Success Maximization: An Alternative to Expected Utility Theory and a Generalization of Maxipok to Moral Uncertainty

Standard expected utility theory (EUT) assumes moral certainty, but also embeds epistemic/​ontological uncertainty about the state of the world that may occur as a result of our actions. Harsanyi expected utility theory (HEUT) allows us to assign probabilities to our potential moral viewpoints, and thus gives us a mechanism by which to handle moral uncertainty.

Unfortunately, there are several problems with EUT and HEUT. First, the St. Petersburg paradox shows that unbounded utility valuations can justify almost any action, even if the probability of a good outcome is almost zero. For example, a banker may be in a situation where the probability of a bank run is nearly one, but because potential returns of being overleveraged in a near zero probability world are so high, the banker may foolishly still choose to be overleveraged to maximize expected utility. Second, diminishing returns typically force us to produce or consume more in order to realize the same amounts of utility; this is usually a recipe for us to consume and produce in unsustainable ways. Third, as Herbert Simon noted, optimizing expected utility is often computationally intractable.

A response of early effective altruism research to these problems was maxipok (i.e., maximizing probabilities of an okay outcome). Under this construct, constraints of an okay outcome are identified, a probability of satisfying those constraints is assigned to each action, and the action that maximizes the probability of satisfying the constraints is adopted.

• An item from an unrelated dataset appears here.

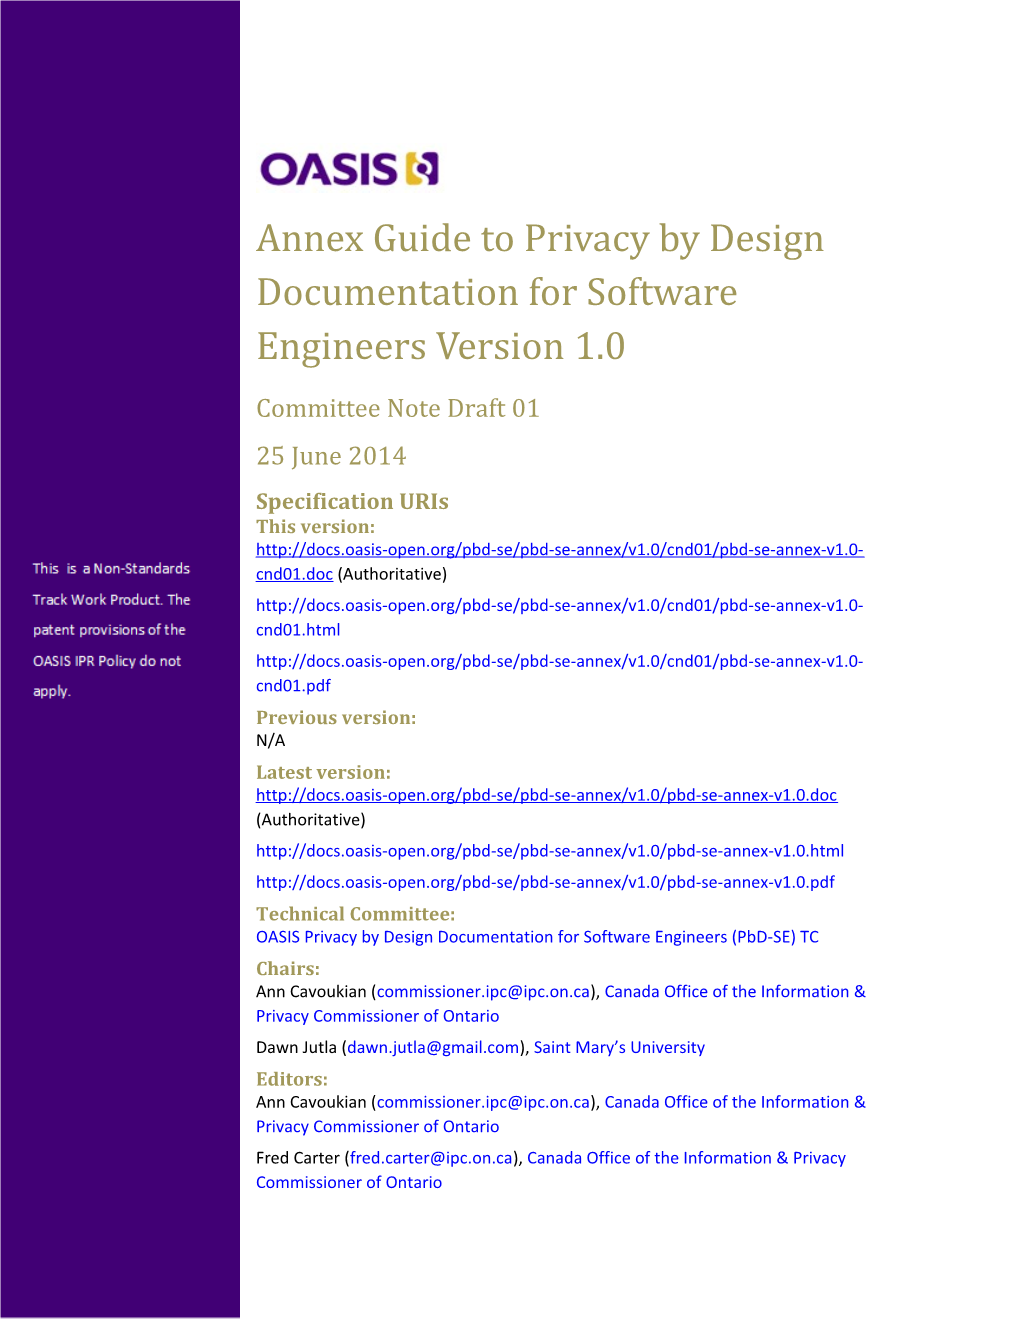 Annex Guide to Privacy by Design Documentation for Software Engineers Version 1.0

The problem with maxipok is that it assumes moral certainty about the constraints of what constitutes an okay outcome. For example, if we believe a trolley problem is inevitable, one might infer it is an okay outcome for someone to die, given its unavoidability. On the other hand, if a trolley problem is avoidable, one may infer that someone dying is not okay. Thus in that overall scenario, what constitutes an okay outcome is contingent on what probabilities we assign to the inevitability of a trolley problem.

Success maximization is a mechanism by which to generalize maxipok for moral uncertainty. Let ai be an action i from the set of m actions A = {a1, a2, …, am}. Let sx be a definition of moral success, namely x, from S = {s1, s2, …, sn}. The probability π that i satisfies the constraints of sx is 0 ≤ πi(sx) ≤ 1. Let p(sx) be the estimated probability that x is the correct definition of moral success, where p(s1) + p(s2) + … + p(sn) = 1. Thus, the expected success of action i is 0 ≤ πi(s1)p(s1) + πi(s2)p(s2) + … + πi(sn)p(sn) ≤ 1. A success maximizing agent will choose an action aj є A such that πj(s1)p(s1) + πj(s2)p(s2) + … + πj(sn)p(sn) ≥πi(s1)p(s1) + πi(s2)p(s2) + … + πi(sn)p(sn) for all ai є A where ij.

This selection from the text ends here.